STA, 20 May 2022 - The energy group Petrol reported on Friday that its sales revenue in the first quarter of the year more than doubled year-on-year to EUR 1.94 billion, while net profit was up by 17% to EUR 32.4 million. The rise is largely attributed to the incorporation of the Croatian fuel retailer Crodux into the group.
In the first quarter of the year, the group's adjusted gross profit amounted to EUR 162.2 million, an increase of 18% year-on-year, Petrol said in a press release as it issued the quarterly report.
Earnings before interest, taxes, depreciation and amortisation (EBITDA) amounted to EUR 65.6 million, or 21% more year-on-year, mostly due to the incorporation of Crodux and good results in electricity trading.
In the EBITDA structure, 37% was represented by fuels and fuel products, 13% by merchandise and services, 47% by energy and solutions and 3% by other revenue.
In the first three months of the year, the group sold 906,400 tonnes of fuels and fuel products, a year-on-year increase of 41%.
As a result of the incorporation of Crodux, the share of sales in Slovenia in the structure of fuels and fuel product sales decreased, whereas the share of sales in the South-east Europe markets increased.
Petrol said that in line with the law instructing the government to reimburse losses as a result of fuel price caps, the company had submitted a claim to the government amounting to EUR 51.3 million for the period from 15 March and 30 April.
The Economy Ministry responded to this, noting that the law gave the government this option not obligation. In line with it, the government "can determine an appropriate reimbursement", it said.

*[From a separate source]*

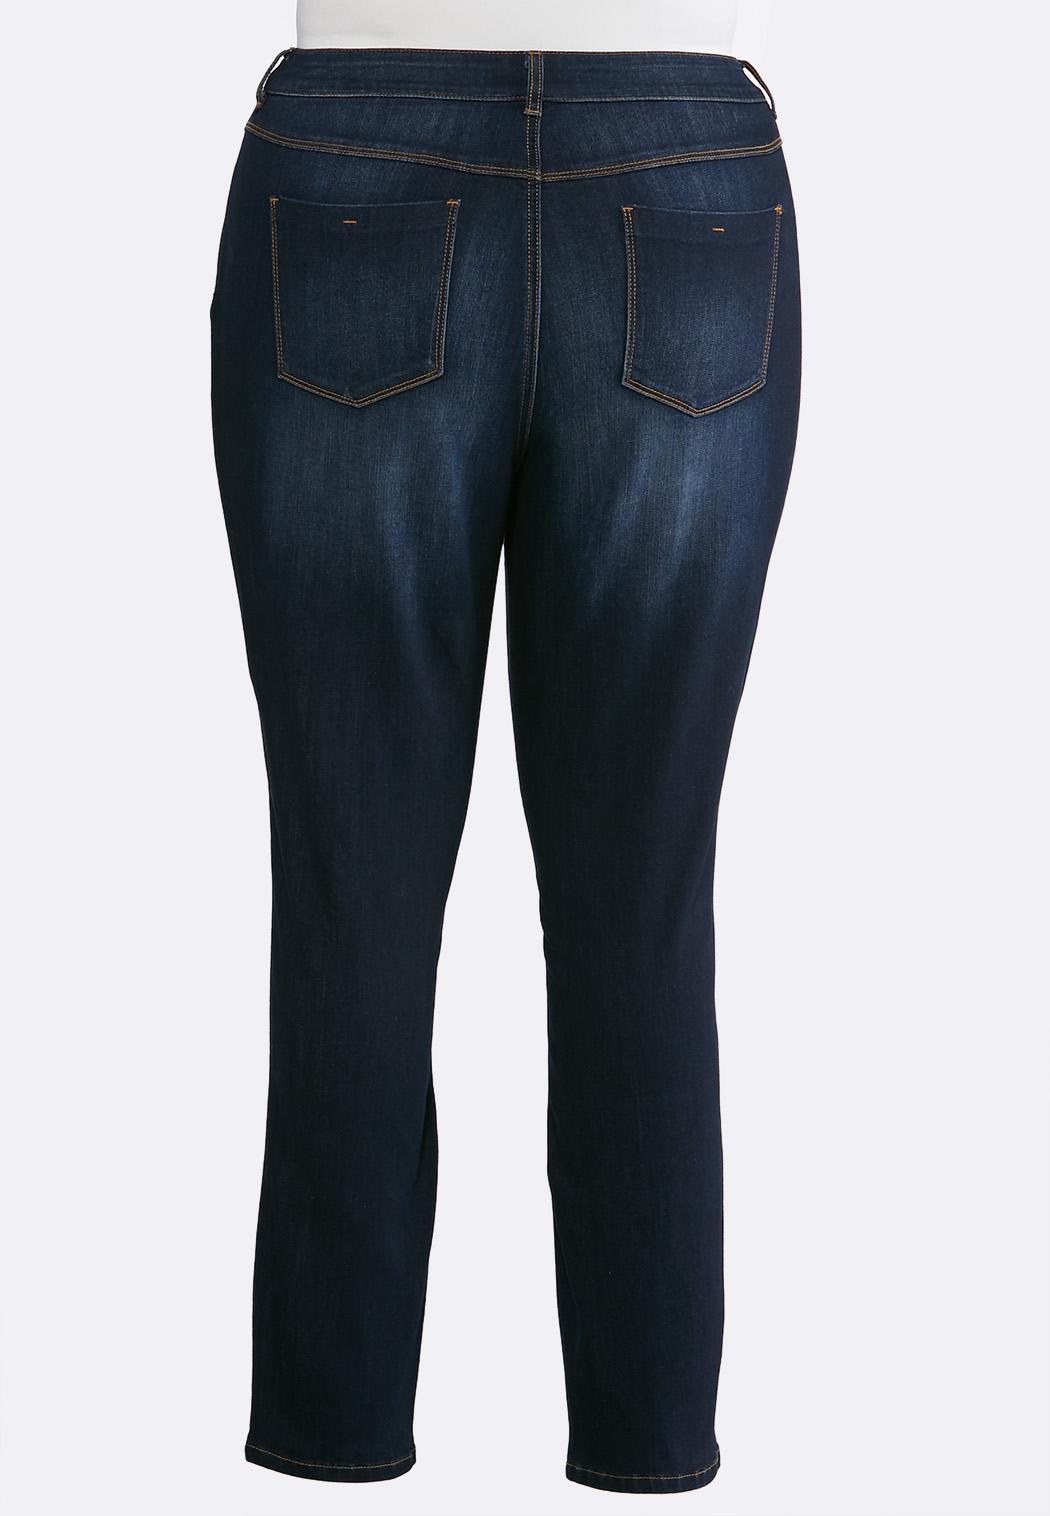 Plus Petite Dark Denim Jeans (Item #43665010)

The government will decide on this reimbursement based on the standards and criteria yet to be adopted, the ministry explained.
Fuel retailers have been sending its estimates of the damage at their own initiative but "these estimates do not count as official claims, as legal requirements for them have not been met yet", the ministry said.
The Petrol group generated EUR 101.5 million in sales of merchandise and services, which is a drop of 21% year-on-year, with the main reason being the national motorway company DARS switching to an electronic tolling system.
The group also sold 5.7 TWh of natural gas, 2.9 TWh of electricity and 83.7 thousand MWh of heating energy in the first quarter of the year. Investments at the group level amounted to EUR 8.2 million in the first three months of the year.
At the end of March, the group had 6,162 employees, 593 service stations and 323 electric vehicle charging stations, including 318 service stations in Slovenia, 202 in Croatia, 42 in Bosnia-Herzegovina, 16 in Serbia and 15 in Montenegro.
"The group has performed successfully in the challenging business situation caused by the energy crisis and the situation in Ukraine," the report says, adding that the management had properly responded to recent developments.
It notes that the group does not have subsidiaries or representation offices in Ukraine, Russia and Belarus, and that the share of revenue generated in these markets is negligible, as is the purchase of energy, except for natural gas.
Russia as a source of supply of diesel and extra light heating oil represented 7% of the purchase portfolio in this segment in 2021 and this year, while Petrol does not import petrol from Russia.
The main risk this year is the negative effects of the energy crisis on inflation and, consequently, on growth of the costs of living and management of operating costs.
Last year, Petrol generated EUR 4.96 billion in sales revenue and posted a net profit of EUR 124.5 million at the group level. It plans to generate EUR 5.9 billion in sales revenue and EUR 158.3 million in net profit this year.